The just-concluded EU Summit on migration has come up with measures like securing centers for migrants to process asylum claims, strengthening external border controls, and boosting financing for Turkey and countries in North Africa. But these are old solutions to old problems.
Since 2015, the EU has been working at full capacity to overcome the migration crisis. EU member states received over 1.2 million first-time asylum applications in 2015, more than double that of the previous year. But it seems that the European continent is still working in the same old way to try to prevent the entry of immigrants and not to address the causes of migration. Even if we assume these measures bring success in reducing immigration for some time, the EU will later be surprised when migrants use other means and methods to migrate, because the causes of migration still exist.
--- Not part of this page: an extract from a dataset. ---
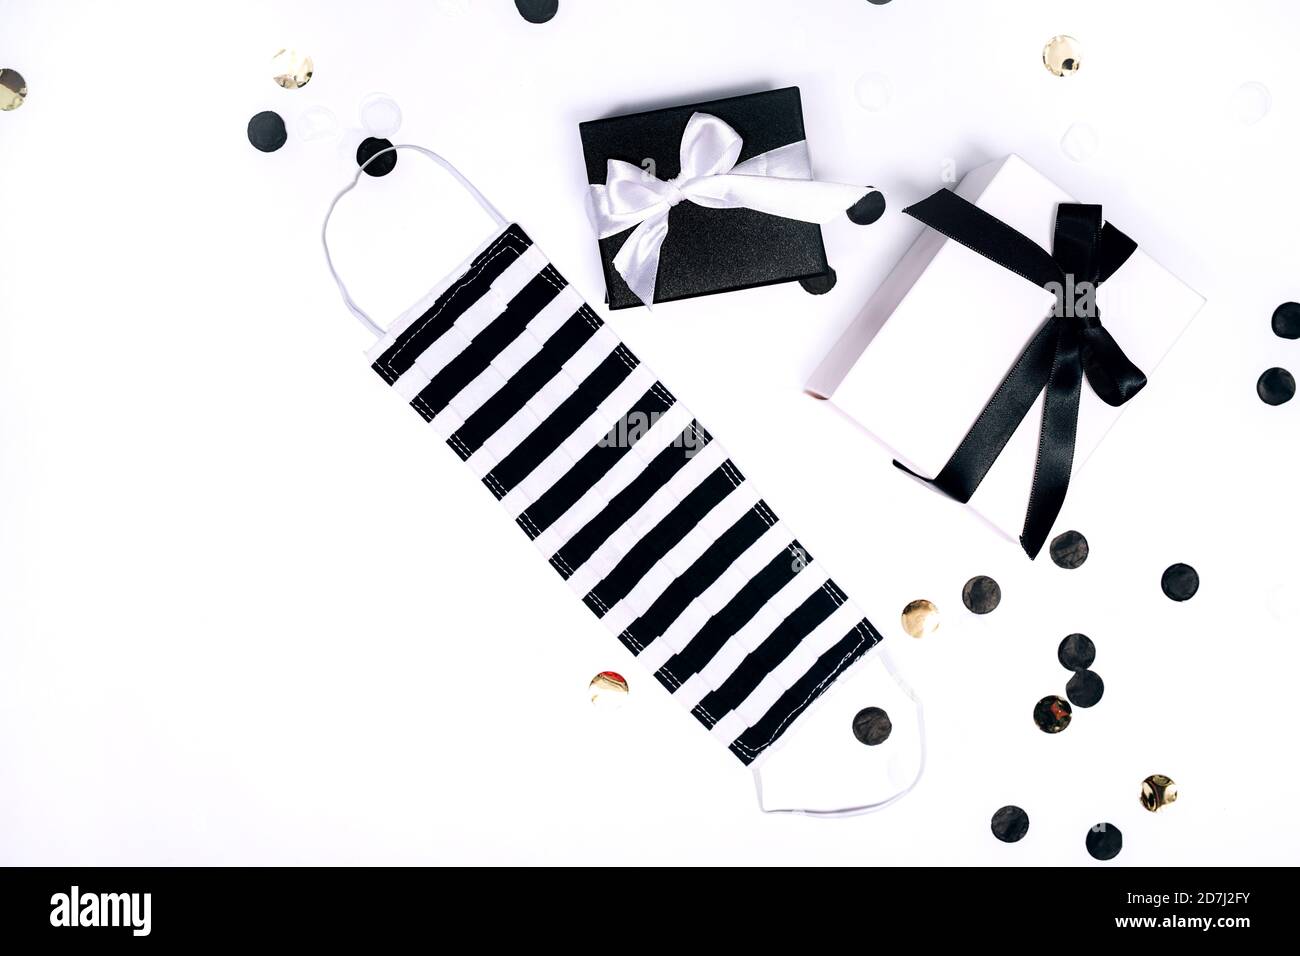 Schwarz-weiße Geschenk- oder Geschenkschachteln, handgemachte Gesichtsmaske und Konfetti auf weißem Hintergrund. Flache Lay-Komposition für Geburtstag, Weihnachten, Hochzeit. Soziale Gespiede. Stockfoto

The root of migration is poverty. The African continent has suffered occupation and war for many decades. Many African countries have not yet been able to achieve the path of reform and development. This has put the people of these countries under unbearable pressure from poverty, ignorance and disease. They have pushed themselves into the abyss and tried to cross the border to reach Europe. They have faced danger and horror, believing a chance at a better future is worth dying for, if necessary.
With the emergence of the new system of globalization, the world became a small village and Africans opened their eyes to the luxury and good life enjoyed by Europeans, which inspired them to move to these countries. The majority of people from African countries continue to blame European countries for their backwardness and believe they should shoulder their responsibilities toward Africa. As a result of the failure of European countries to play the role that the African people were waiting for, these masses migrated to Europe to try to gain these rights. Europe, when dealing with refugees, looks at them from a perspective of human logic or empathy and does not view migration as a symptom of a disease. European countries must change their thinking and strategy to deal with the disease in order to make the causes of migration disappear.
It is time for Europe to look at the Chinese experience in Africa. The Chinese policy has always focused on development. Economic relations between Africa and China have grown enormously, especially since 2006. The African continent is playing an important role in the Belt and Road initiative. China provides infrastructure funding and a workforce, and this infrastructure allows Africa to increase its production and exports, improving the quality of life and improving the conditions of millions of Africans.
Hope is the solution. The people of the African continent need hope. At least this last summit has come out with some words about more investment in Africa to help the continent achieve a substantial socio-economic transformation. China has been focusing on African development for a long time and has seen the results. The EU should work closely with China to push for the B&R to fight poverty in Africa and promote development. (emphasis added)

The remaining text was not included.